3D Reconstruction Results on Toys4k

Method	Depth	Geometry					Appearance
Method	Depth	IoU↑	CD↓	F-score↑	PSNR-N↑	LPIPS-N↓	PSNR↑	LPIPS↓
Shap-E [1]		6.39	0.6724	0.0096	16.16	0.3014	13.07	0.4358
InstantMesh [2]		13.68	0.4063	0.0391	20.46	0.2463	16.59	0.2989
LGM [3]		9.39	0.5660	0.0267	17.03	0.3974	13.59	0.4126
TRELLIS [4]		19.49	0.3694	0.0496	20.96	0.2089	17.61	0.2435
MCC [5]	✔	21.11	0.3299	0.0648	N/A	N/A	N/A	N/A
Affostruction (ours)	✔	32.67	0.2427	0.0997	22.64	0.1421	18.84	0.1922

Complete 3D Affordance Grounding Results on Affogato-150K

Method	aIoU↑	AUC↑	SIM↑	MAE↓
OpenAD [6]	3.1	64.8	0.329	0.150
PointRefer [7]	10.5	76.1	0.405	0.120
Espresso-3D [8]	13.6	79.0	0.429	0.111
Affostruction (ours)	19.1	72.0	0.426	0.217

Partial 3D Affordance Grounding Results on Affogato-150K

Method	Recon.	aIoU↑	aCD↓
OpenAD [6]		0.38	0.4165
PointRefer [7]		0.53	0.3072
Espresso-3D [8]		0.60	0.2885
TRELLIS [4] + OpenAD [6]	✔	1.49	0.1671
TRELLIS [4] + PointRefer [7]	✔	2.05	0.1576
TRELLIS [4] + Espresso-3D [8]	✔	2.23	0.1568
MCC [5] + OpenAD [6]	✔	3.34	0.1503
MCC [5] + PointRefer [7]	✔	4.19	0.1397
MCC [5] + Espresso-3D [8]	✔	4.74	0.1354
Affostruction (ours)	✔	9.26	0.1044

Qualitative Results on Affogato-150K

Progressive Improvement via Active View Selection

Starting from challenging viewpoints where target areas are barely visible, Affostruction progressively refines geometry and localization through an iterative cycle: (1) generative reconstruction extrapolates complete structure from partial observations, (2) affordance prediction on reconstructed geometry, and (3) active view selection targeting informative viewpoints. Each iteration improves both reconstruction quality and prediction accuracy, revealing the synergistic relationship between these tasks. While only the selected view is shown for clarity, subsequent iterations leverage all accumulated observations through multi-view fusion.

References

[1] H. Jun and A. Nichol, "Shap-E: Generating Conditional 3D Implicit Functions," arXiv preprint arXiv:2305.02463, 2023.

[2] J. Xu, W. Cheng, Y. Gao, X. Wang, S. Gao, and Y. Shan, "InstantMesh: Efficient 3D Mesh Generation from a Single Image with Sparse-View Large Reconstruction Models," arXiv preprint arXiv:2404.07191, 2024.

[3] J. Tang, Z. Ren, H. Zhou, Z. Liu, and G. Zeng, "LGM: Large Multi-View Gaussian Model for High-Resolution 3D Content Creation," in ECCV, 2024.

[4] J. Xiang, X. Zeng, Z. Wu, Y. Lu, Y. Li, M.-H. Chen, and S.-H. Zhang, "TRELLIS: Structured 3D Latents for Scalable and Versatile 3D Generation," in CVPR, 2025.

[5] C.-Y. Wu, J. Johnson, J. Malik, C. Feichtenhofer, and G. Gkioxari, "Multiview Compressive Coding for 3D Reconstruction," in CVPR, 2023.

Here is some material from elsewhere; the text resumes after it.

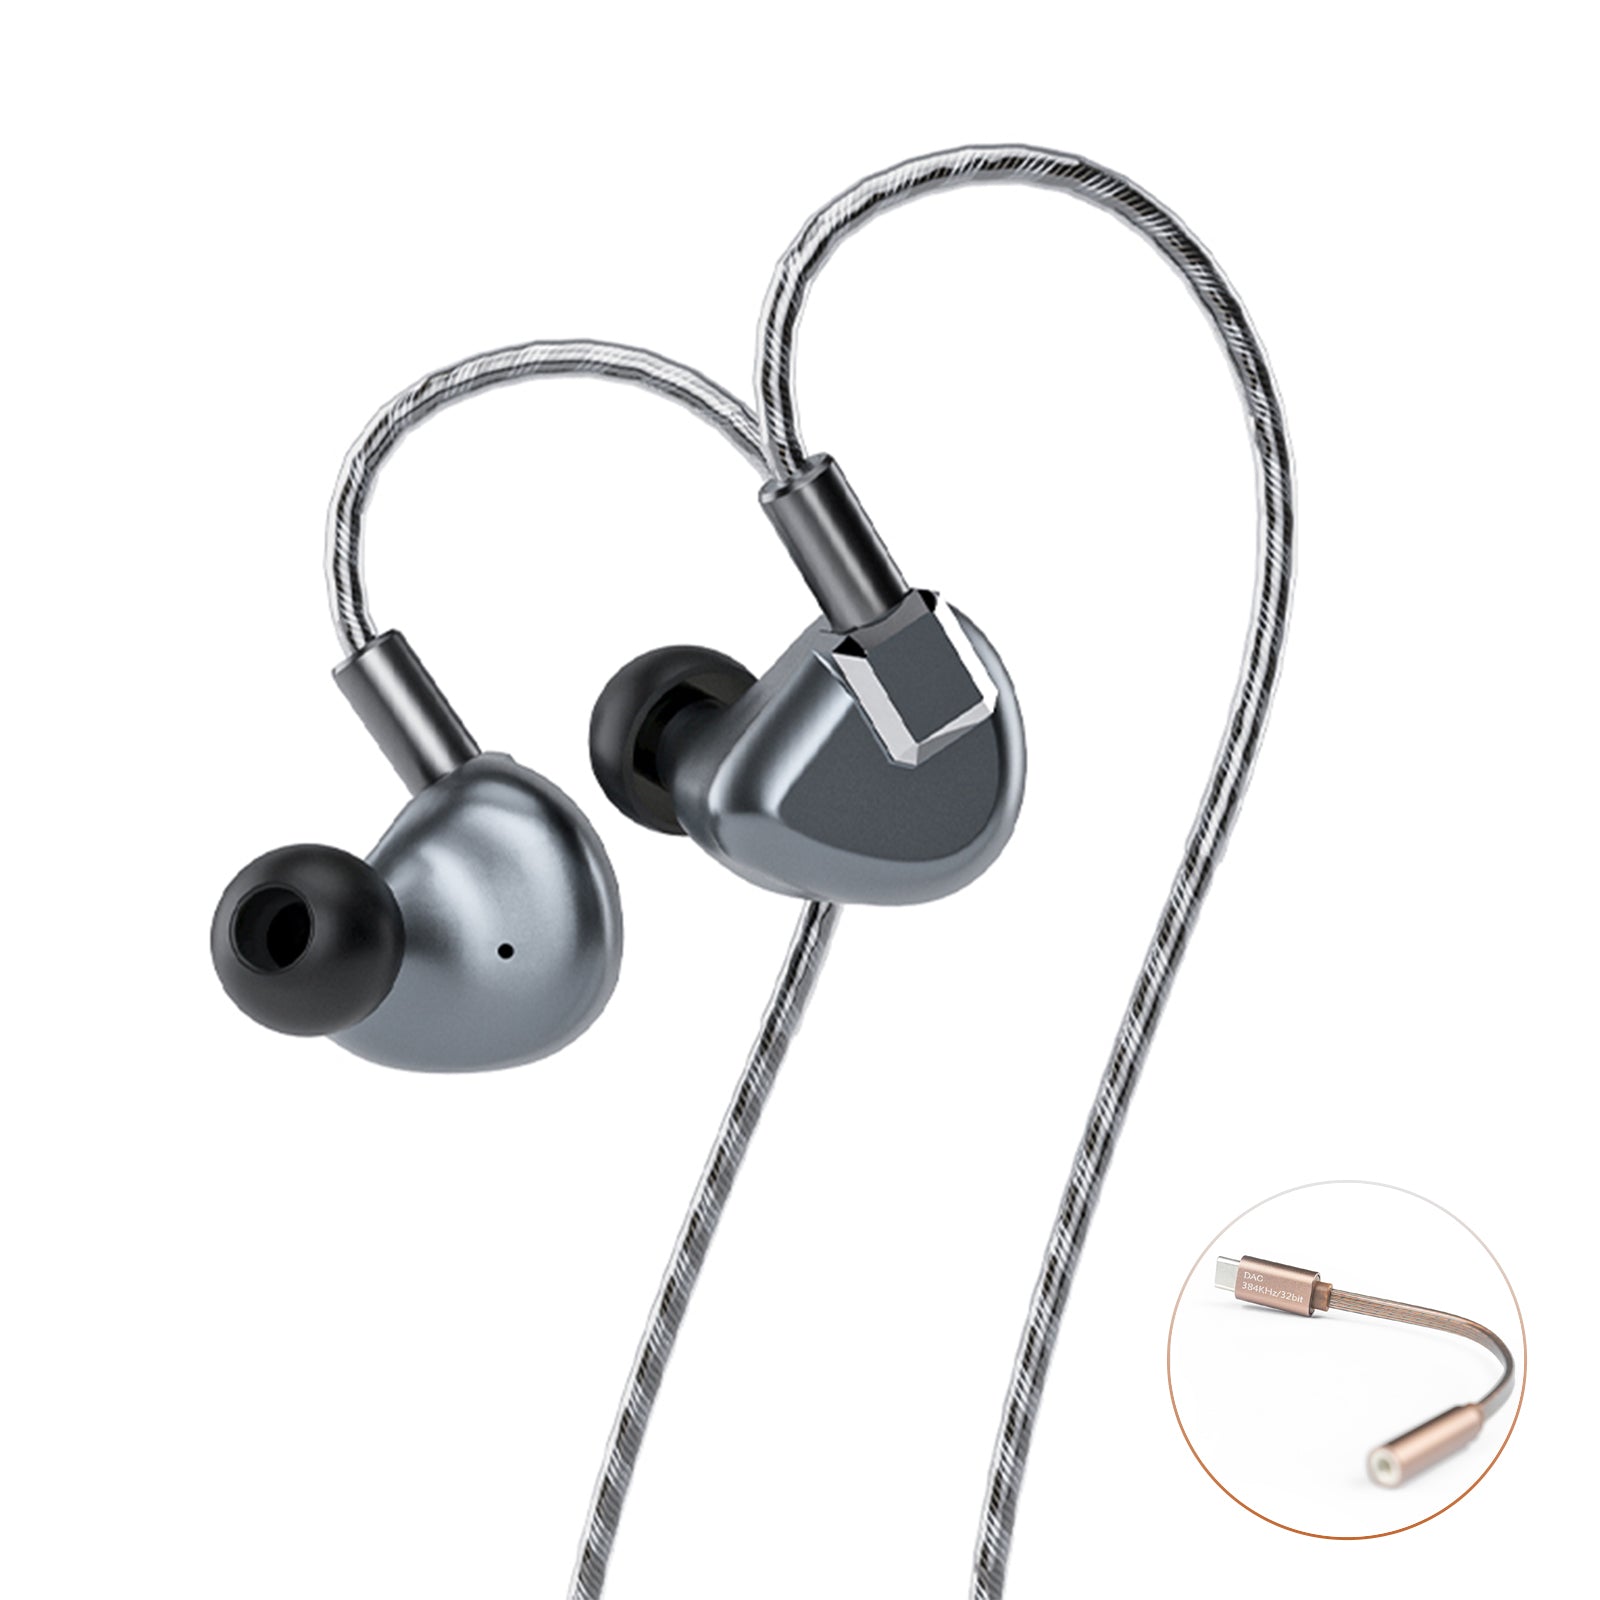 LETSHUOER S12 | 14.8mm planar IEMs and best value Hi-Fi earphones

[6] T. Nguyen, M. N. Vu, A. Vuong, D. Nguyen, T. Vo, N. Le, and A. Nguyen, "Open-Vocabulary Affordance Detection in 3D Point Clouds," in IROS, 2023.

[7] T. Nguyen, M. N. Vu, B. Huang, T. V. Vo, V. Truong, N. Le, T. Vo, B. Le, and A. Nguyen, "Language-Conditioned Affordance-Pose Detection in 3D Point Clouds," in ICRA, 2024.

[8] J. Lee, E. Park, C. Park, D. Kang, and M. Cho, "Affogato: Learning Open-Vocabulary Affordance Grounding with Automated Data Generation at Scale," arXiv preprint arXiv:2506.12009, 2025.